Termination Proof using AProVE

Term Rewriting System R:
[x, y, z]
f(f(f(a, b), c), x) -> f(b, f(a, f(c, f(b, x))))
f(x, f(y, z)) -> f(f(x, y), z)

Innermost Termination of R to be shown.

     ↳Dependency Pair Analysis

R contains the following Dependency Pairs:

F(f(f(a, b), c), x) -> F(b, f(a, f(c, f(b, x))))
F(f(f(a, b), c), x) -> F(a, f(c, f(b, x)))
F(f(f(a, b), c), x) -> F(c, f(b, x))
F(f(f(a, b), c), x) -> F(b, x)
F(x, f(y, z)) -> F(f(x, y), z)
F(x, f(y, z)) -> F(x, y)

Furthermore, R contains one SCC.

     ↳DPs

       →DP Problem 1

         ↳Modular Removal of Rules

Dependency Pairs:

F(f(f(a, b), c), x) -> F(b, x)
F(f(f(a, b), c), x) -> F(c, f(b, x))
F(x, f(y, z)) -> F(x, y)
F(f(f(a, b), c), x) -> F(a, f(c, f(b, x)))
F(x, f(y, z)) -> F(f(x, y), z)
F(f(f(a, b), c), x) -> F(b, f(a, f(c, f(b, x))))

Rules:

f(f(f(a, b), c), x) -> f(b, f(a, f(c, f(b, x))))
f(x, f(y, z)) -> f(f(x, y), z)

Strategy:

innermost

We have the following set of usable rules:

f(f(f(a, b), c), x) -> f(b, f(a, f(c, f(b, x))))
f(x, f(y, z)) -> f(f(x, y), z)

To remove rules and DPs from this DP problem we used the following monotonic and C_E-compatible order: Polynomial ordering.
Polynomial interpretation:

POL(c) = 0

POL(b) = 0

POL(a) = 1

POL(F(x₁, x₂)) = 1 + x₁ + x₂

POL(f(x₁, x₂)) = x₁ + x₂

We have the following set D of usable symbols: {c, b, a, F, f}
The following Dependency Pairs can be deleted as the lhs is strictly greater than the corresponding rhs:

F(f(f(a, b), c), x) -> F(b, x)
F(f(f(a, b), c), x) -> F(c, f(b, x))

No Rules can be deleted.

The result of this processor delivers one new DP problem.

     ↳DPs

       →DP Problem 1

         ↳MRR

           →DP Problem 2

             ↳Negative Polynomial Order

Dependency Pairs:

F(x, f(y, z)) -> F(x, y)
F(f(f(a, b), c), x) -> F(a, f(c, f(b, x)))
F(x, f(y, z)) -> F(f(x, y), z)
F(f(f(a, b), c), x) -> F(b, f(a, f(c, f(b, x))))

Rules:

f(f(f(a, b), c), x) -> f(b, f(a, f(c, f(b, x))))
f(x, f(y, z)) -> f(f(x, y), z)

Strategy:

innermost

The following Dependency Pair can be strictly oriented using the given order.

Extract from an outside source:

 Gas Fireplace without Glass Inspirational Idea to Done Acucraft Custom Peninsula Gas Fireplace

F(f(f(a, b), c), x) -> F(b, f(a, f(c, f(b, x))))

Moreover, the following usable rules (regarding the implicit AFS) are oriented.

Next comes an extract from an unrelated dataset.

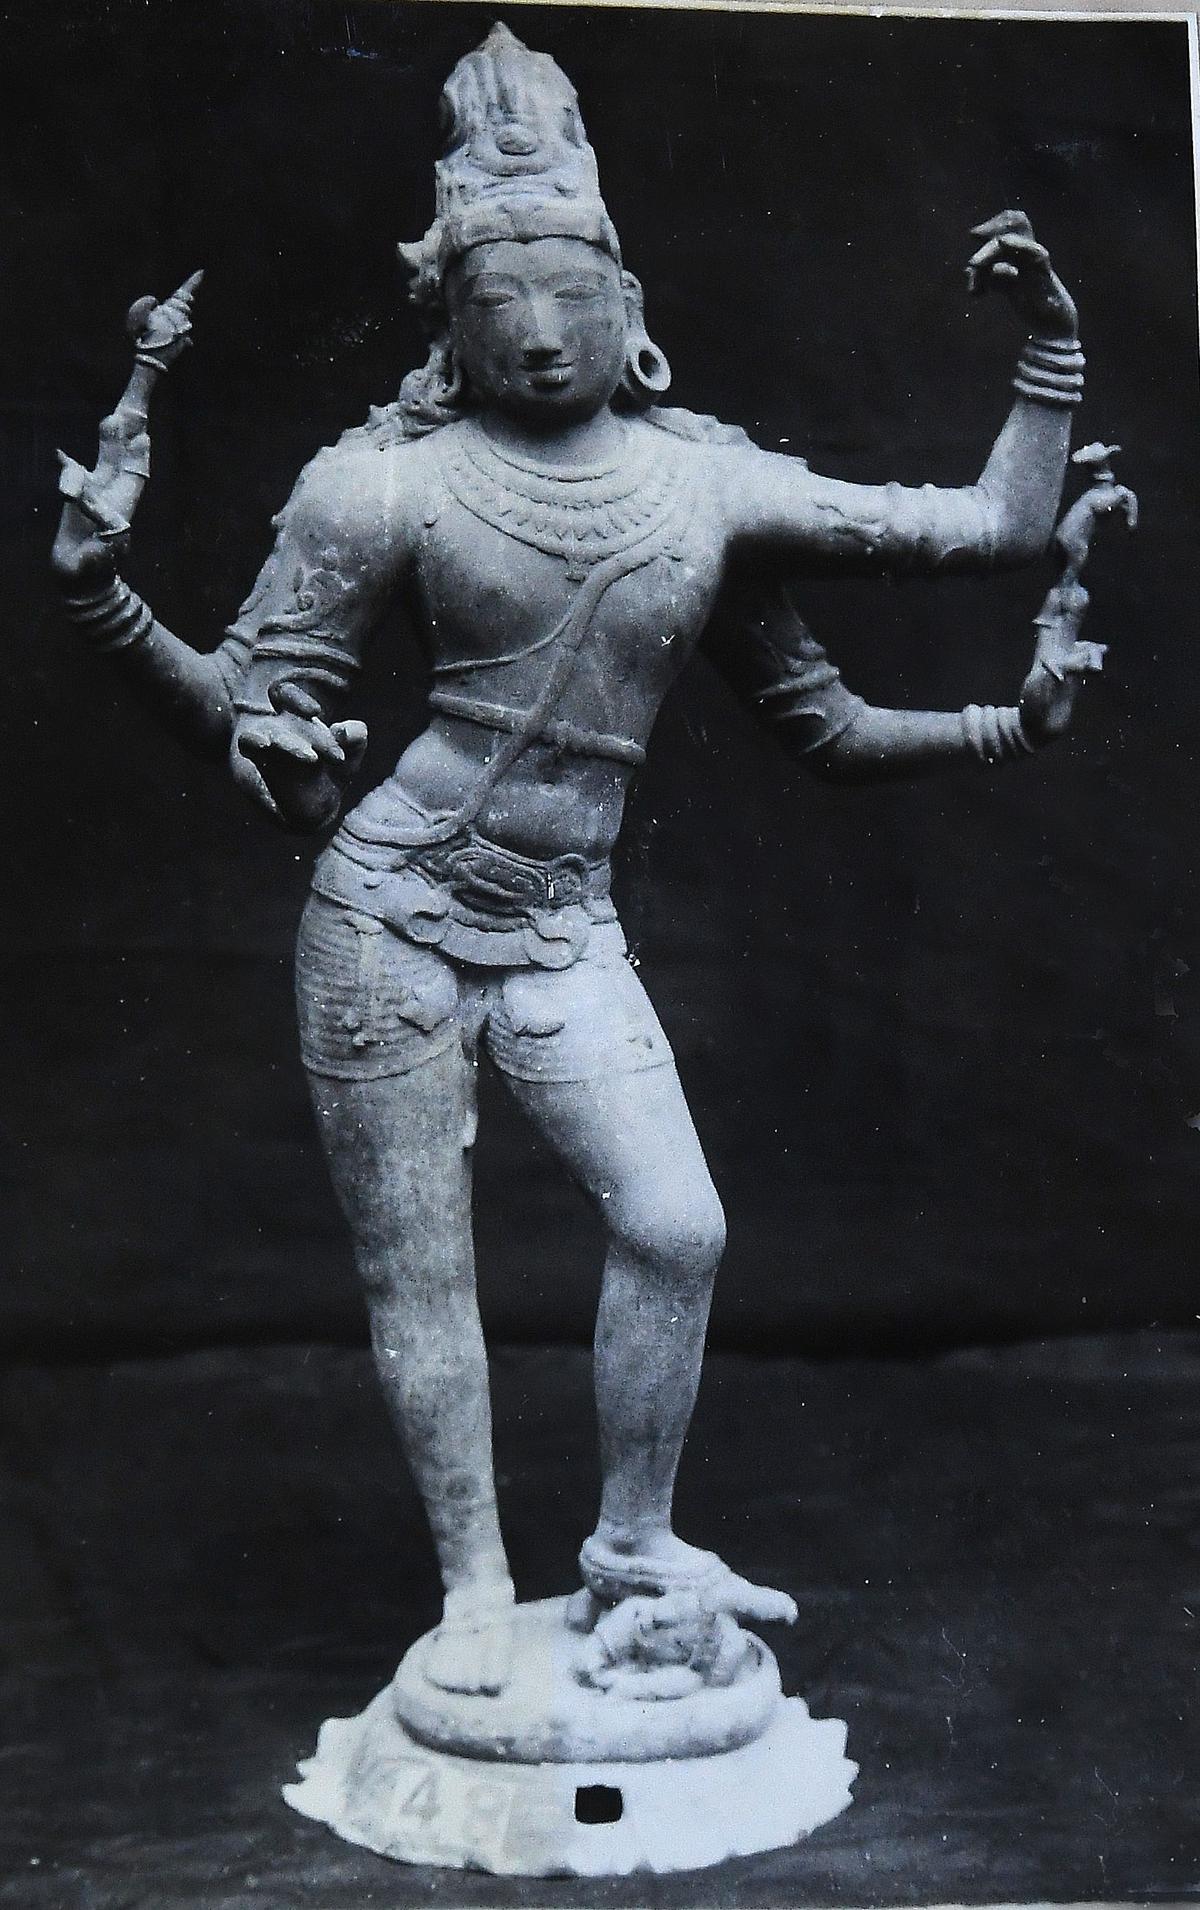 A bronze idol of Tirupurasamhara from the 10th century CE found at Chidambaram Thillai Nataraja temple in 1976.

f(f(f(a, b), c), x) -> f(b, f(a, f(c, f(b, x))))
f(x, f(y, z)) -> f(f(x, y), z)

Used ordering:
Polynomial Order with Interpretation:

POL( F(x₁, x₂) ) = x₁

POL( f(x₁, x₂) ) = x₁

POL( a ) = 1

POL( b ) = 0

This results in one new DP problem.

     ↳DPs

       →DP Problem 1

         ↳MRR

           →DP Problem 2

             ↳Neg POLO

...

               →DP Problem 3

                 ↳Narrowing Transformation

Dependency Pairs:

F(x, f(y, z)) -> F(x, y)
F(f(f(a, b), c), x) -> F(a, f(c, f(b, x)))
F(x, f(y, z)) -> F(f(x, y), z)

Rules:

f(f(f(a, b), c), x) -> f(b, f(a, f(c, f(b, x))))
f(x, f(y, z)) -> f(f(x, y), z)

Strategy:

innermost

On this DP problem, a Narrowing SCC transformation can be performed.
As a result of transforming the rule

F(f(f(a, b), c), x) -> F(a, f(c, f(b, x)))

two new Dependency Pairs are created:

F(f(f(a, b), c), x'') -> F(a, f(f(c, b), x''))
F(f(f(a, b), c), f(y', z')) -> F(a, f(c, f(f(b, y'), z')))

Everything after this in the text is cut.